—¡No iré a casa contigo!
—Es una orden. Tu padre me encomendó llevarte de regreso.
—¿Mi padre? ¡Por Dios! Ese hombre no es mi padre. Es el hombre de mi mamá. Déjame en Paz. Víctor. Prefiero pasar la noche en la calle.
—No entiendo. ¿Qué quieres decirme? ¿Acaso pasa algo en casa que deba saber? Eres una quinceañera, no debes estar en la calle.
Ella se balanceo sobre él y trato de zafarse de sus manos.
—Tú eres una buena persona, si de verdad quieres ayudar no me lleves de regreso. No me lleves a esa casa por favor.
El hombre se detuvo meditabundo, rozó su mentón lampiño y ocultó la culata de su arma tras el chaquetón de cuero bajo su abrigo.
—Te llevaré a mi casa. Conversaremos. ¿Entendido? ¿Quiero escuchar tu versión? …Si es lo que imaginó juro por Dios que no te dejaré sola en esto. ¿Está bien?
Asentó la cabeza y por fin pudo respirar tranquila. Estaba cansada de huir. Necesitaba descansar.
Más tarde cuando Anderson Gilleppe telefoneó a su amigo, Victor éste no dudó en mentir sobre el paradero incierto de la señorita. Percibió un dejo de serenidad al otro lado de la línea. Su madre no se escuchaba. Era una monotonía extraña. Un silencio casi amordazado.

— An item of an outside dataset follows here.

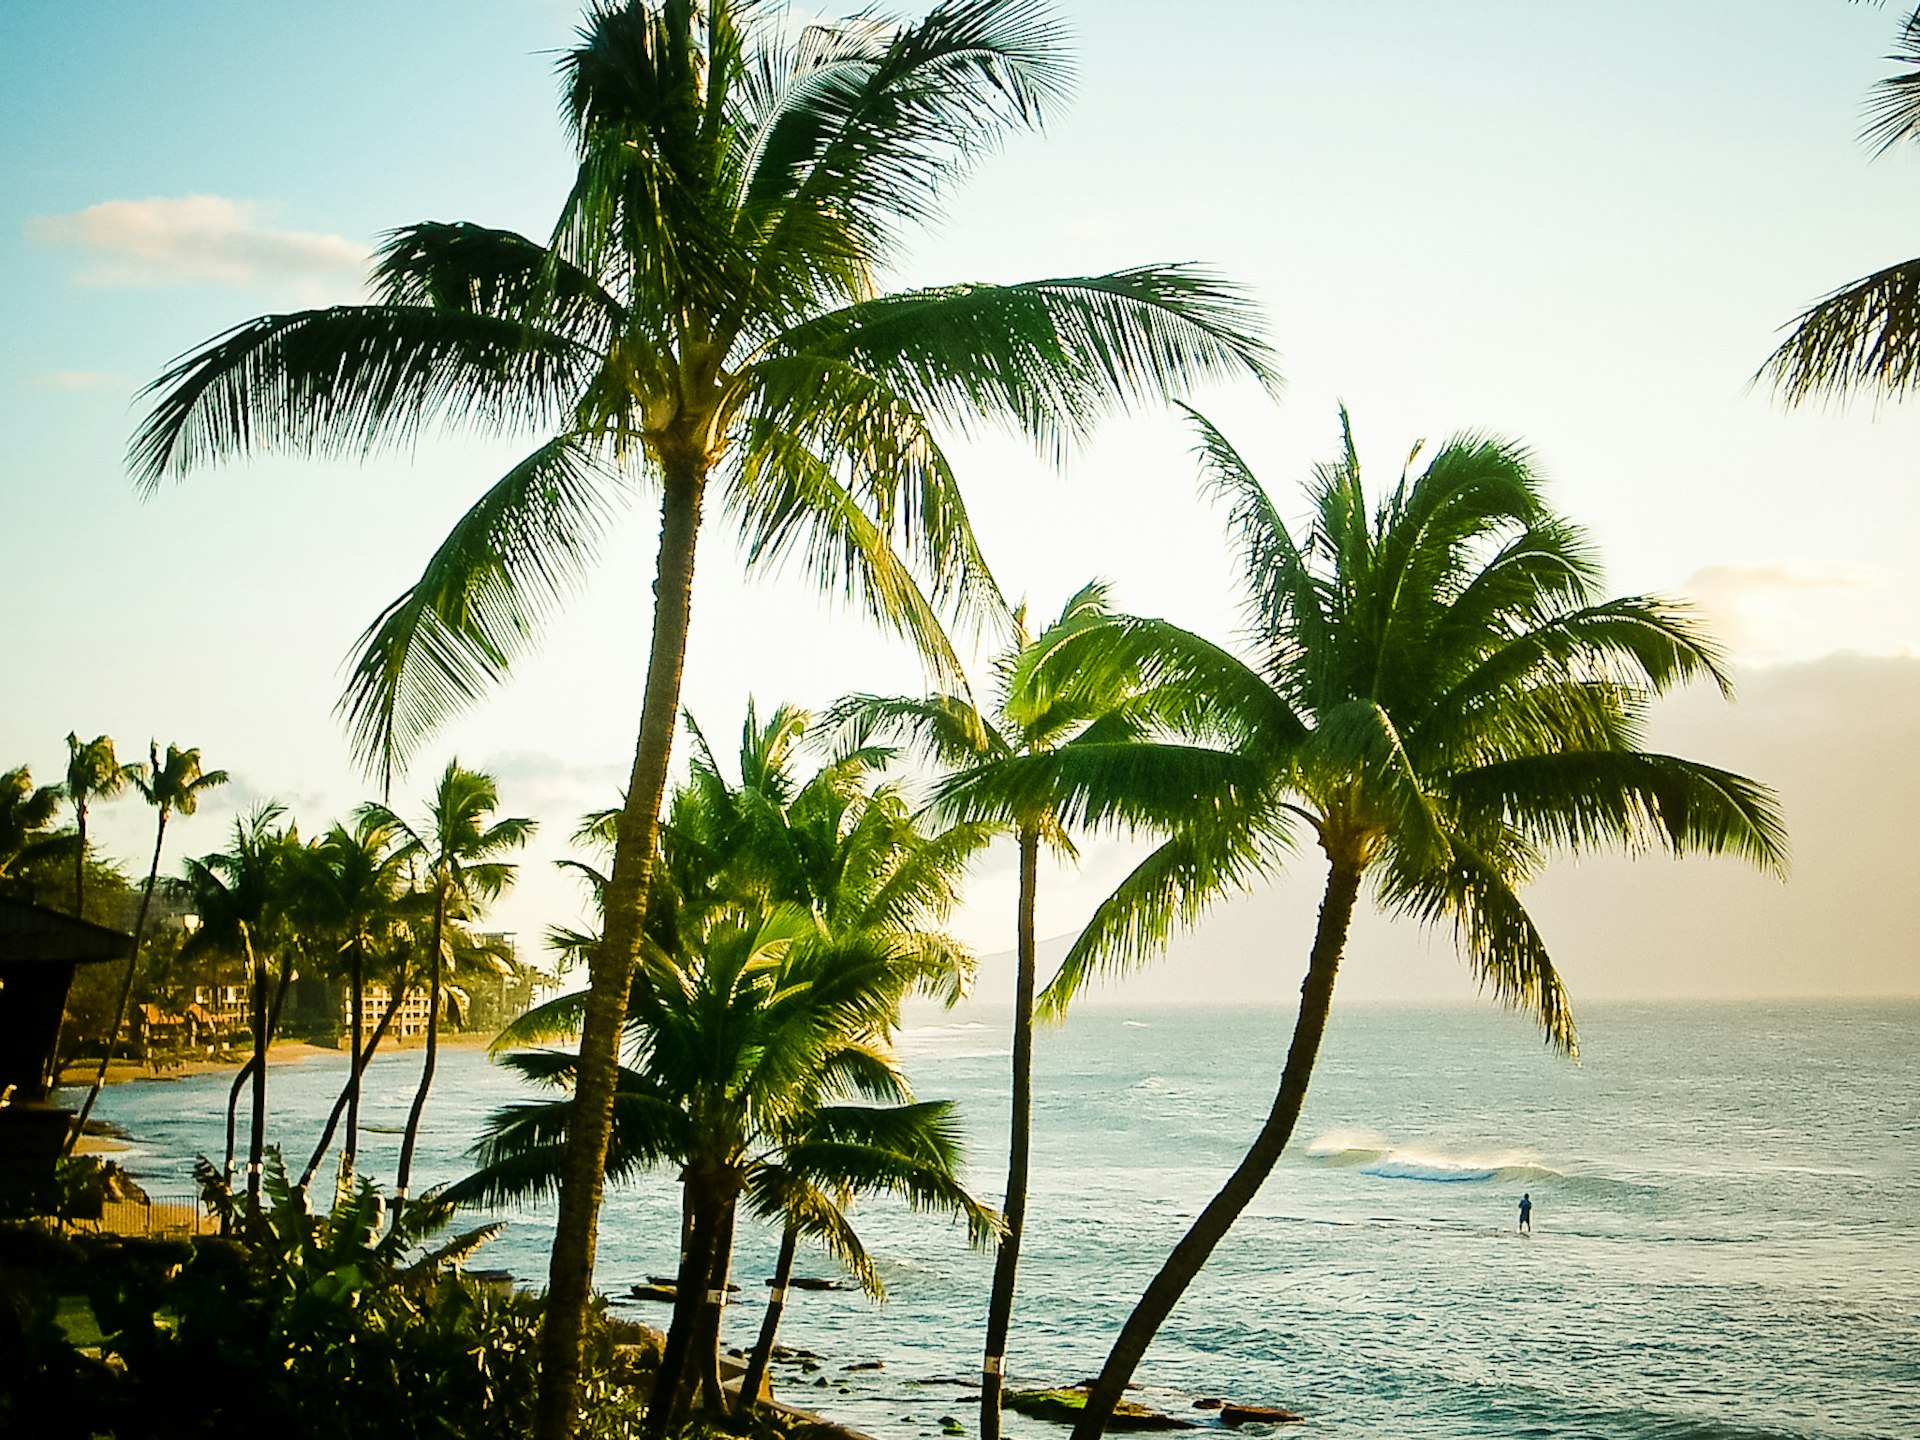 Palm trees line a beach. A solo surfer stands in the water looking out to sea

Una vez en casa. Seguros tras las paredes de concreto y con un delicioso vaso de leche tibia y un sándwich de jamón serrano, la pequeña jovencita devoraba con ansias lo servido.
—Tengo que sacar a mis hermanas de casa, lo más rápido que pueda. Ayúdeme por favor.
—Mi padrastro nos alquila a sus amigotes.
Una palidez inmensurable se apoderó de su rostro. Boquiabierto no podía creerlo.
—¿Qué estás diciendo? Tus hermanas y tú son unas niñas.
—Se lo juro. Ayúdeme a sacar a mis hermanas de allí.
—Es una acusación sería. ¿Cómo sé que no estás atravesando una etapa de rebeldía juvenil?
—Tiene dos opciones: lléveme a un médico y que sea él quien compruebe mi versión o pídale a Aguirre, uno de sus amigos que necesita una jovencita para esta noche. De seguro, le llevarán a mi hermanita. —Dijo llorando.
—Esto es una locura. No lo puedo creer.
—Por favor, ¡ayúdeme!
El hombre se lo pensó por un instante. Era una acusación fuerte que sin prueba alguna podría ser grave y más aún contra su jefe. Pero había prometido ayudarla, así que hizo lo solicitado. En el mismo orden y lamentablemente el médico comprobó lo expuesto. De inmediato se procedió con una denuncia formal. Como pudo abandonó el hospital y omitió el segundo paso. Fue suficiente La versión de la jovencita. La ley haría lo suyo, pero para él no fue suficiente. Los recuerdos vinieron a su mente. Se agolpaban. Él era un niño hace dos décadas atrás. Su padre se embriagaba con frecuencia y lo golpeaba para luego arrojarlo a las afueras de su casa. Ebrio y hundido en su inmundicias no le importaba el futuro de aquel niño de solo ocho años, quien solo lloraba al pie de la puerta cerrada de su casa. ¡Su padre fue un cerdo!. Así lo recordaba. Fue así como una noche alguien se lo llevó a cambió de posada y lo destruyó para toda la vida, jamás volvió a ser niño…Lo odiaba. Lo odió y esa noche odió al padre de Camila. Lo odió de tal forma que fue a su casa, tocó a la puerta, desenfundo su arma y le metió tres tiros en el pecho. Al fondo su esposa compungida con las manos cubriendo su rostro y las hermanitas de Camila pintorrequeadas como mujeres de bar. Se alegró de haberla escuchado. Se alegró de haber hecho justicia. Por Camila. Por él y por todas las demás mujeres que dejaban de ser niñas.